From what I hear, the agents that are actually working the leads are closing 3/10 which comes as no surprise.
Again, I think that recording is an indication that YAL is doing a decent job, but without hearing all of the leads from a batch, it's tough to say. My guess, if the agents buying these leads were actually trained on how to sell FE and how to work a lead, they'd start making money on them. Merrill, as much as I dislike the guy, closed 20% on those leads and I think that shows he knows how to work a lead.
I have to disagree with you. That is not a lead. That is a person who clearly has absolutely no interest in life insurance or seeing an agent.
It is actually worse than a name and number from the phone book. That person might actually have some interest. If someone wants to go beat on this guy and try to get a sale, that is their business. But to sell this to someone, claiming this guy is a qualified lead? Its pure fraud.

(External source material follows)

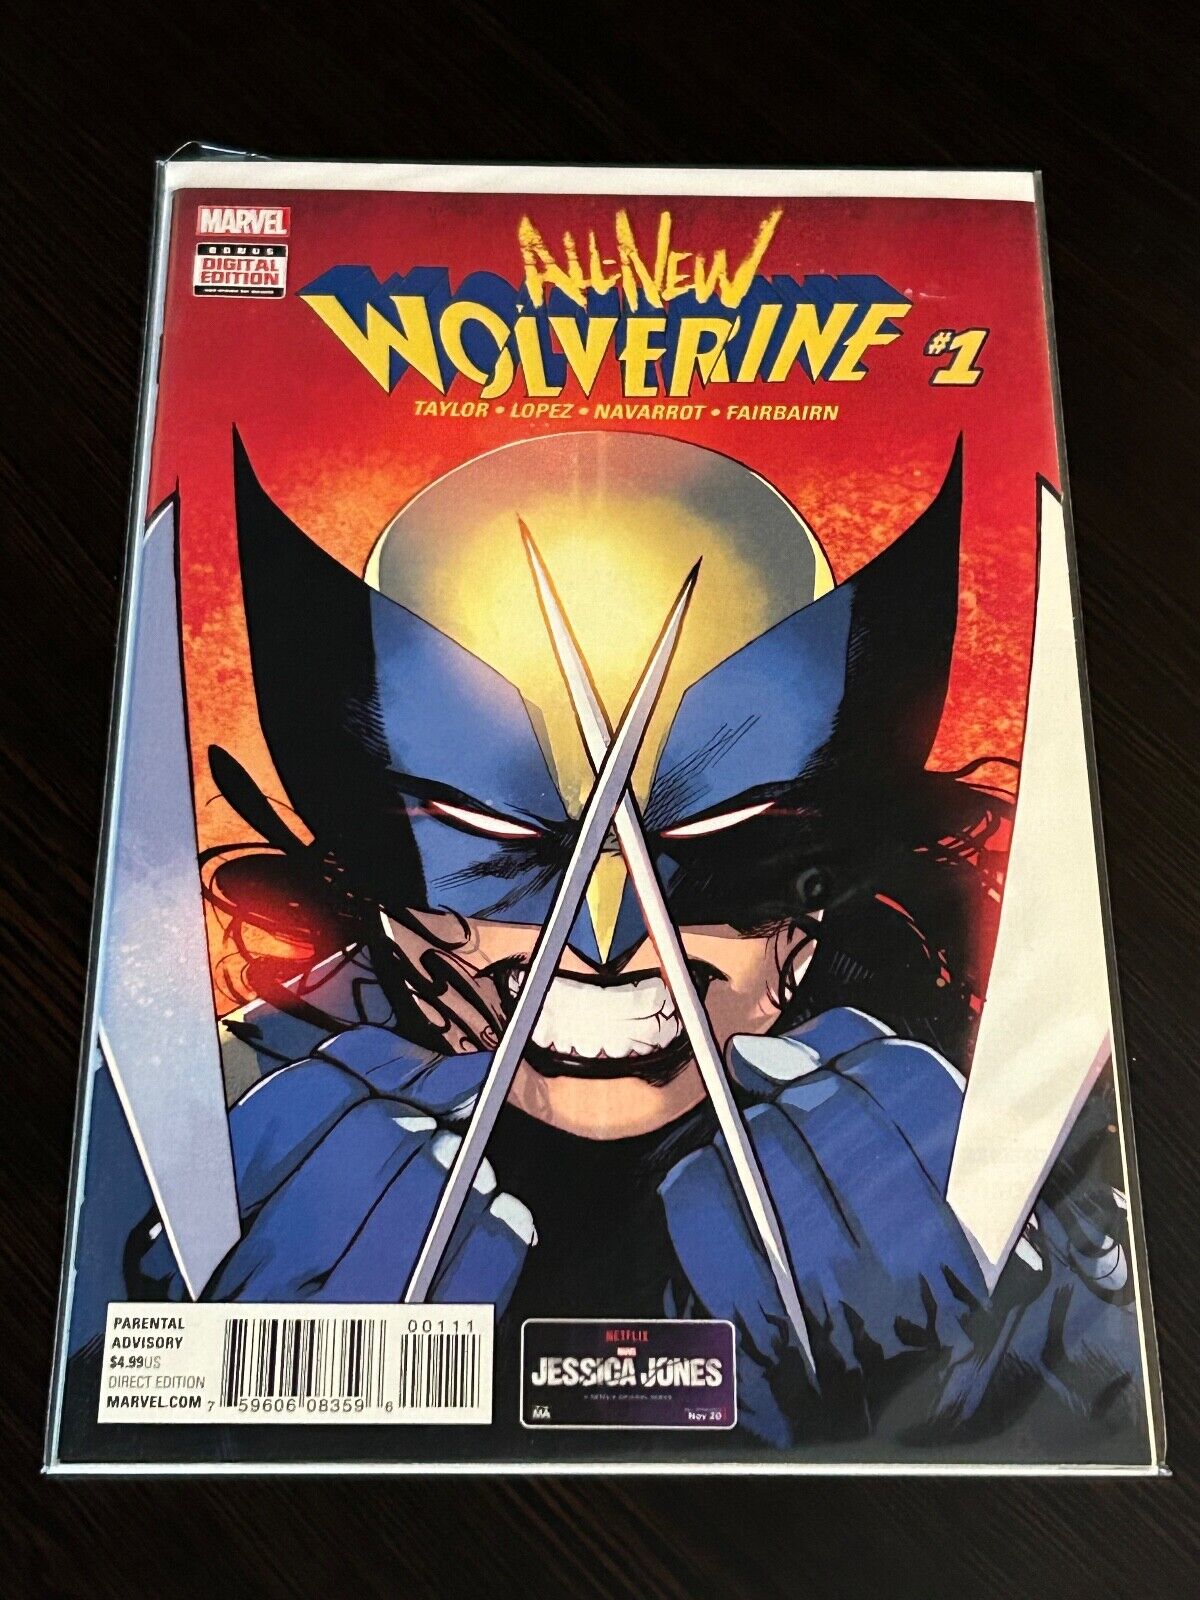 All-New Wolverine #1 (2015) NM/High Grade - 1st X-23/Laura Kinney as
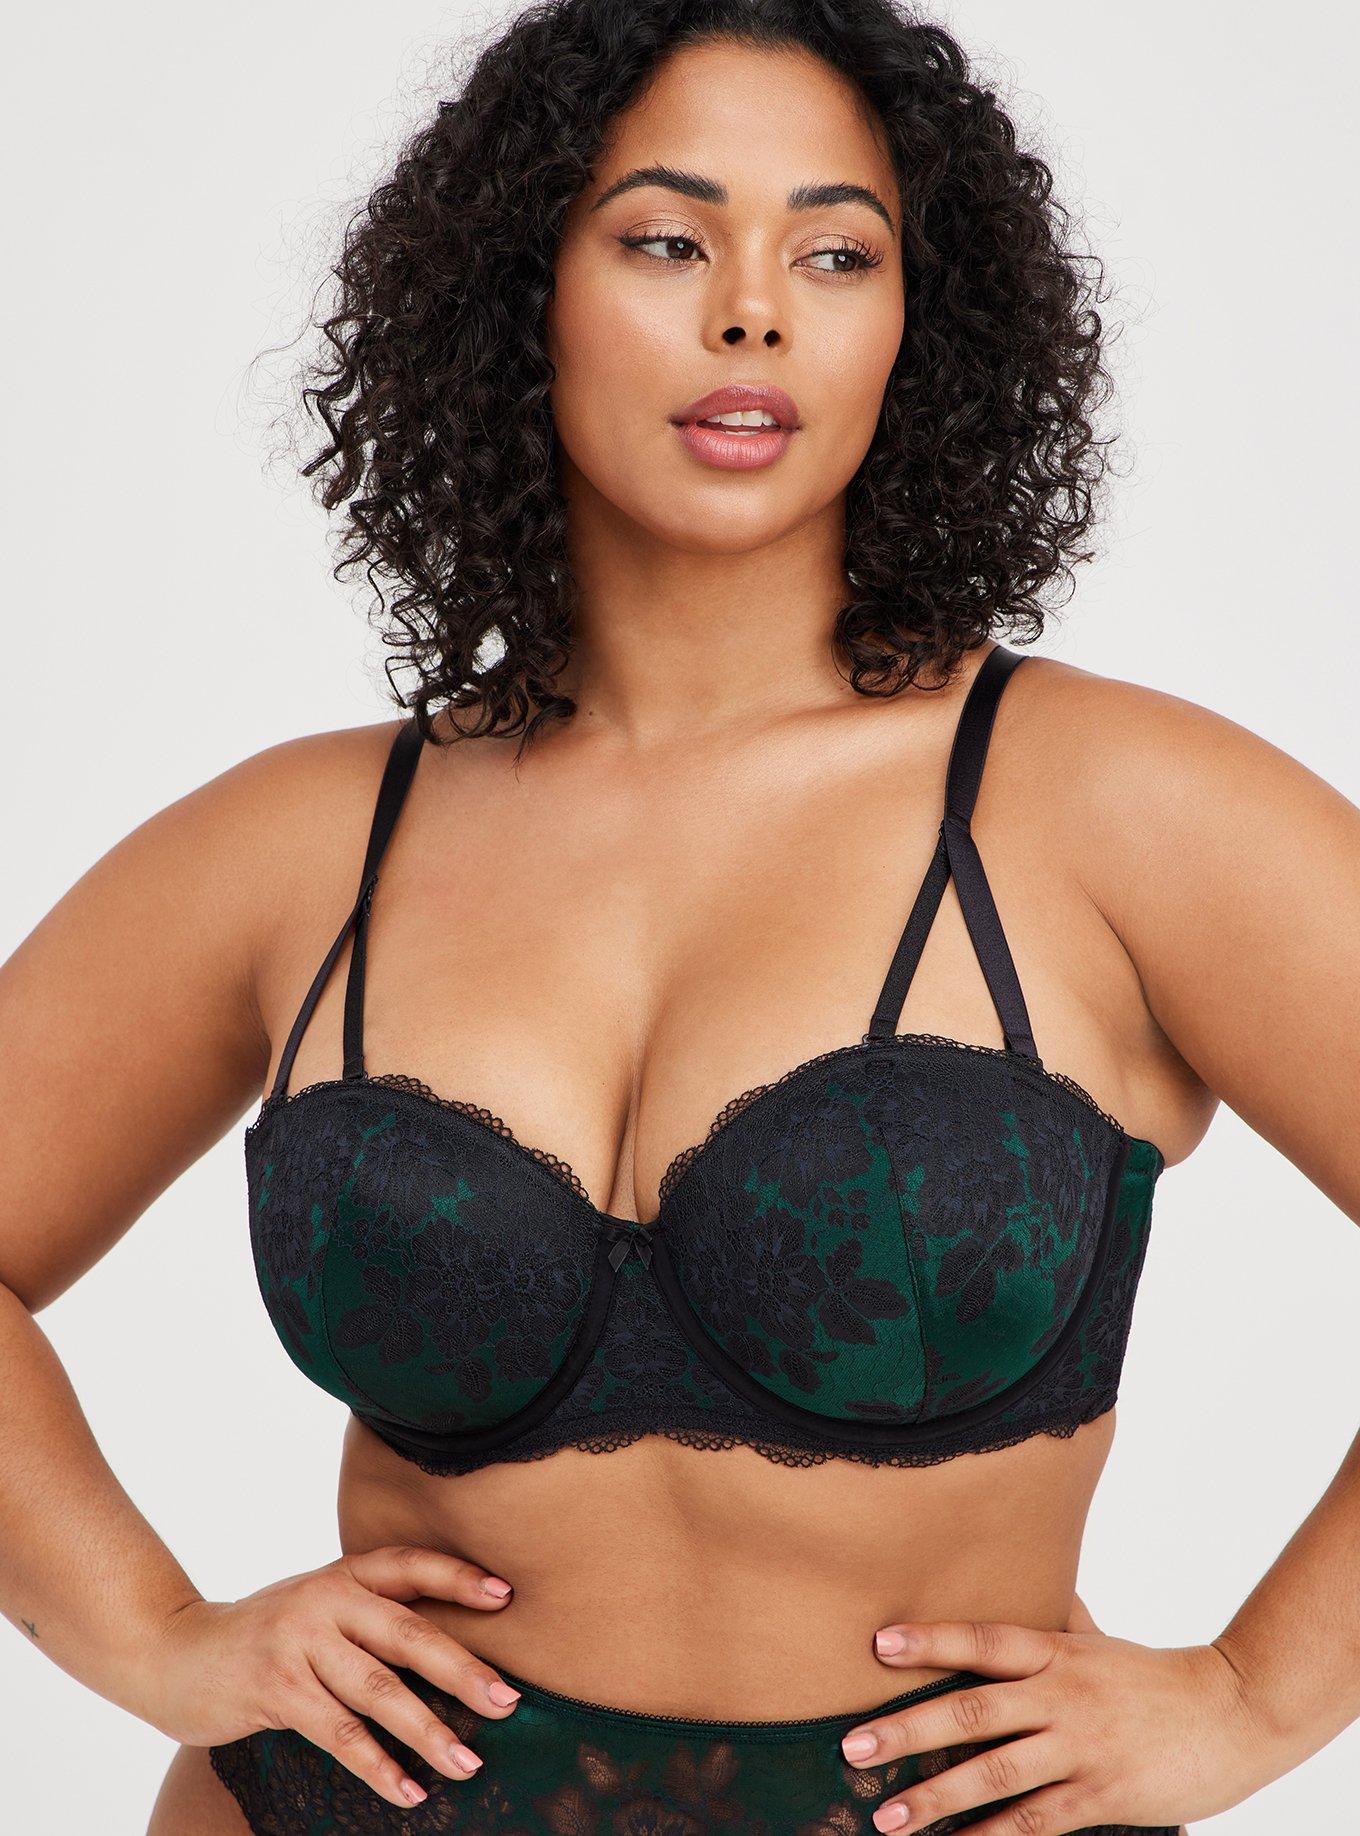 SUPER 2 SIZE PUSH UP BRA BOMBSHELL CUP A, VERY COMPARABLE WITH VS

At minimum, a lead has to have some level of interest in the product, and have some ability to get it. It sounds like this guy might qualify for something, but he definitely has no interest.
I realize Bob generates leads differently, but it would be interesting to hear his take on it.
And yes Josh, I do realize how hard it is to telemarket for life leads. Most are roughly this quality. For a new agent who is cold calling, it might be worth it just for the practice, but no one should ever be expected to pay a person to generate this.